Third, disability as gendered reflects women's increased susceptibility to diseases and their disabling effects; evident in Nigeria. Smith has alluded to how poor maternal and neonatal care has played a considerable role in increasing the number of disabilities in women and infants in the country.143 Child marriages prevalent in Northern Nigeria encourages early childbearing and is a significant cause of poor maternal care that could quickly develop into severe disabilities or death.144 It is unsurprising that compared to other countries, Nigeria tops the rates of poor maternal care, meaning that according to Onyemelukwe, women are five times more likely to develop disabilities and in extreme cases, die.145 While there are no available statistics on the actual numbers of women who develop disabilities as a result of poor maternal care in Nigeria, De Silva de Alwist describes how hormonal changes following childbirth coupled with other factors trigger women's risk of depression.146 This assertion is consistent with anecdotal evidence on the depression crisis in Nigeria.147 Thus, women's increased risk of acquiring a disability when performing their functions as a wife and mother is evident.148 Once disabled, the heightened vulnerability of women to increased discrimination and oppression amplifies the risk. Fine and Asch confirm the point by describing the increased exposure of women with disabilities to more significant harm,149 not only because they are women but also because they are disabled.150 Significant accounts describing the severe exploitation that disabled women experience as a result of their sex and their disability is enough evidence.151
At this juncture, I ask the question: What precipitates the increased susceptibility of women to disability? Literature is unanimous in linking poor healthcare to disability. Evidence shows how inadequate hygiene and health facilities in Nigeria cause infections that may result in disabilities. It is, therefore, valid to argue that preventing most disabilities could be through measures taken against malnutrition, environmental pollution, poor hygiene, inadequate prenatal and postnatal care, water-borne diseases and accidents of all types.152 Besides, studies describe how psycho-social conditions such as depression are more noticeable in women than men.153As earlier stated, De Silva de Alwist description of how hormonal changes following childbirth trigger women's risk of depression is evidence enough.154
Similarly, poverty links to disability in Nigeria.155 Smith describes the relationship and interactions that exist between poverty and disability and shows how poor people become disabled simply because of issues such as poor nutrition and a dirty environment.156 Disabilities may develop simply because poor people cannot afford to treat chronic diseases. In other words, poverty makes a person more susceptible to a disability, which in turn, reinforces and worsens poverty. Thus, the well-documented correlation between disability as both a cause and a consequence of poverty is, therefore, undeniable. This situation worsens because poor people are more likely to endure human rights violations and are less likely to enjoy the guarantee of their rights in Nigeria.157
If there is at least some truth in this well-established correlation, then the susceptibility of women to disability becomes even more evident. This correlation is valid mainly because poverty is gendered in Africa.158 Thus, women in Nigeria are more likely to experience poverty which automatically increases their susceptibility to the oppression that quickly manifests as a disability. The ultimate result is that women's exposure to poverty disables and oppresses them, making them undeserving of human rights protection. Today in Nigeria, more than ever, we witness the feminisation of poverty,159 because of the country's recent unfortunate rise as the poverty (disability) capital of the world.160 Consequently, if it is possible to speak of the feminisation of poverty, then a feminisation of disability is to be expected in Nigeria. By this, I mean that women in Nigeria are more likely than men to develop disabilities because they are the least likely to have access to food, education and healthcare, the lack of which increases their vulnerability to disability.
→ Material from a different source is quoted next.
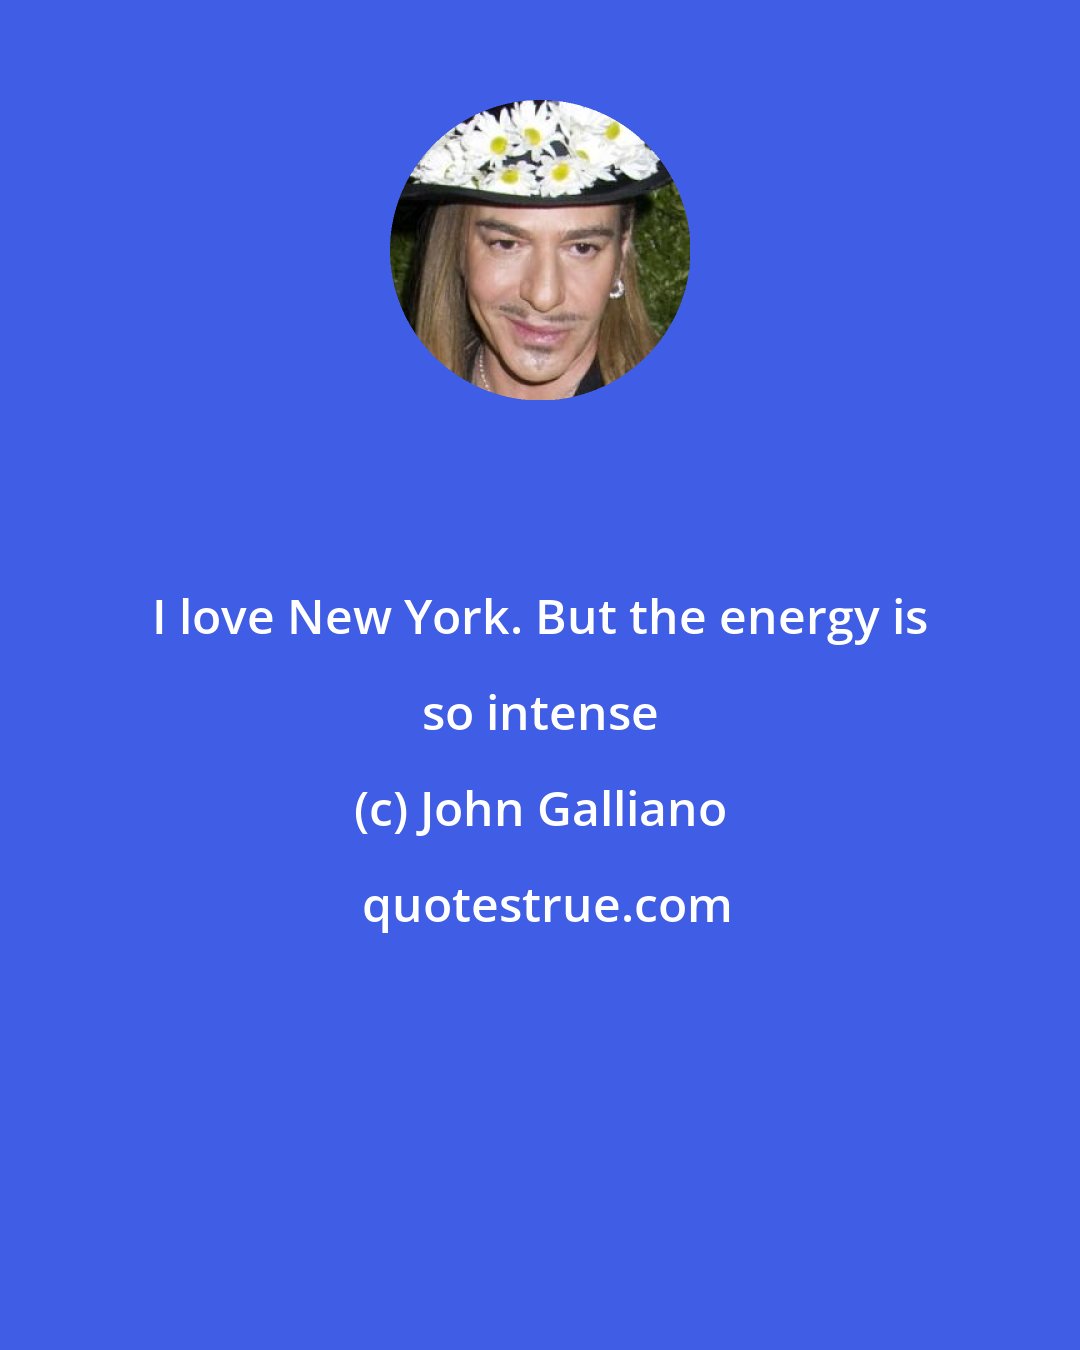 John Galliano: I love New York. But the energy is so intense

Importantly, from a gender-based violence perspective, women are most likely to become disabled because of their vulnerability to sexist and gender-based violence in Nigeria's patriarchal society. Socio-economic oppression, unequal incomes, disproportionate caregiving responsibilities, domestic and sexual violence all increase women's susceptibility to disability and once disabled, amplifies the harm. Although disability in this regard is usually defined using the dominant nature and medical narrative, such linkages expose the social and cultural construction as well as the gendered and emergent nature of the disability.
From the above discussions, we can make a threefold conclusion. One, that given the correlation between poor healthcare, poverty and gender-based violence, on the one hand, and disability, on the other hand, as the literature has correctly established, disability is undeniably a form of oppression of women. Two, the essentialist assumption that there is a ‘false universal’ disability experience that rests on biological determinism is limiting. Three, the ‘woman as disabled’ argument counters this essentialist argument pointing instead to an intersectional open-ended idea that disability is not about a woman having functional limitations alone (as crucial as that is). Still, this paper has demonstrated that ‘disability’ should include restrictions that are a consequence of patriarchal stereotypes, prejudices and attitudes as shown in the Nigerian situation. This assertion is valid considering the potential of harmful patriarchal stereotypes, prejudices and attitudes to turn a typical ‘non-disabled’ woman today to a potentially ‘disabled’ woman tomorrow. Viewed in this way, the interactions that exist between sexism and disability (discrimination) becomes significant.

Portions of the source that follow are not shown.